4. Include `IMMUTA_INIT_ADDITIONAL_JARS_URI=dbfs:/path/to/code.jar` in the "Environment Variables" (where `dbfs:/path/to/code.jar` is the path to your jar) so that the jar is uploaded to all the cluster nodes.

## Caveats

* The user mapping works differently from notebooks because `spark-submit` clusters are not configured with access to the Databricks SCIM API. The cluster tags are read to get the cluster creator and match that user to an Immuta user.
* Privileged users (Databricks admins and allowlisted users) must be tied to an Immuta user and given access through Immuta to access data through `spark-submit` jobs because the setting `immuta.spark.acl.assume.not.privileged="true"` is used.

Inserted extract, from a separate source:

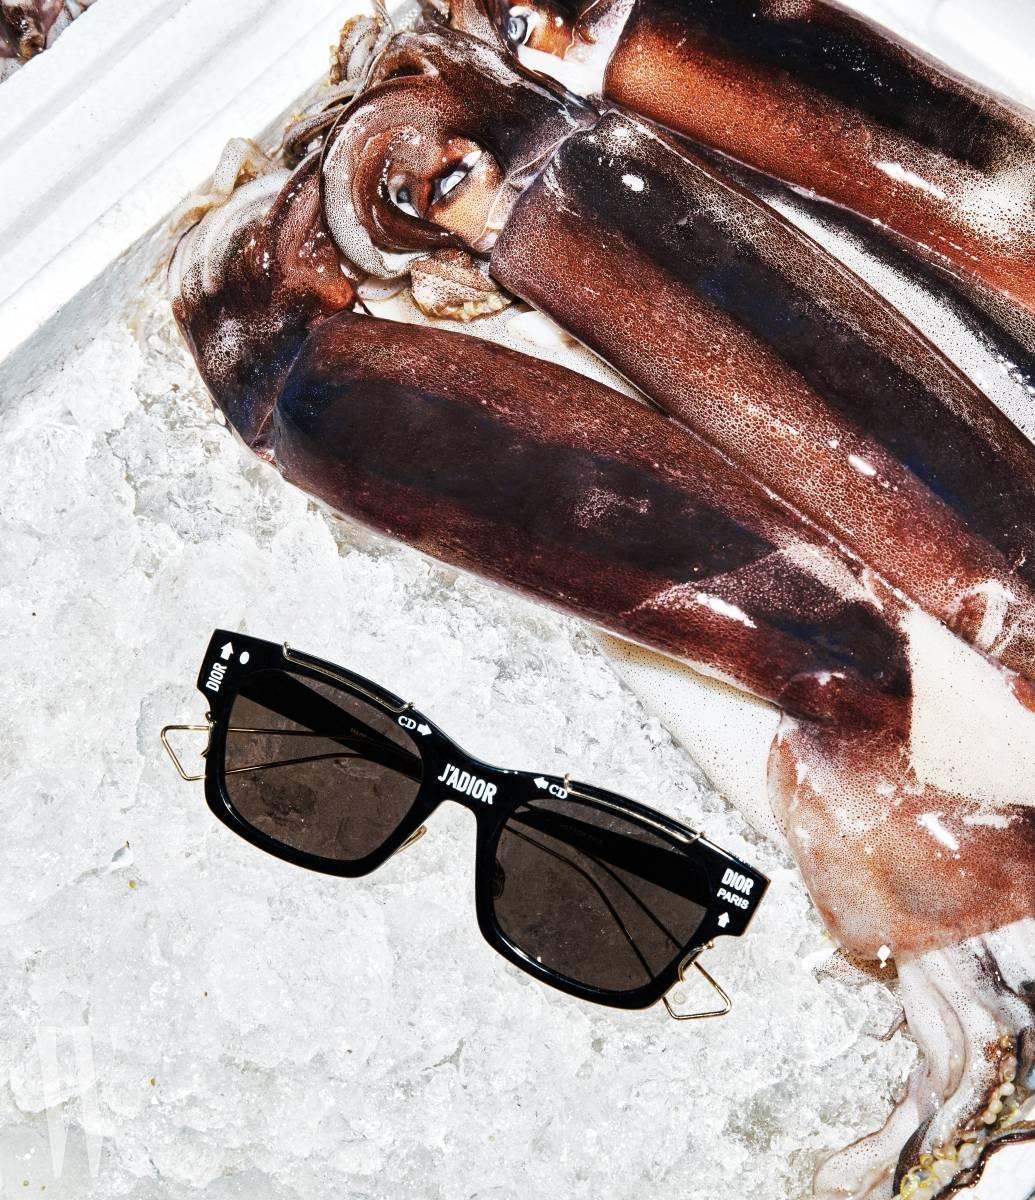 감각적인 로고 장식이 더해진 선글라스는 디올 제품. 가격 미정.

* There is an option of using the `immuta.api.key` setting with an Immuta API key generated on the Immuta profile page.
* Currently when an API key is generated it invalidates the previous key. This can cause issues if a user is using multiple clusters in parallel, since each cluster will generate a new API key for that Immuta user. To avoid these issues, manually generate the API key in Immuta and set the `immuta.api.key` on all the clusters or use a specified job user for the submit job.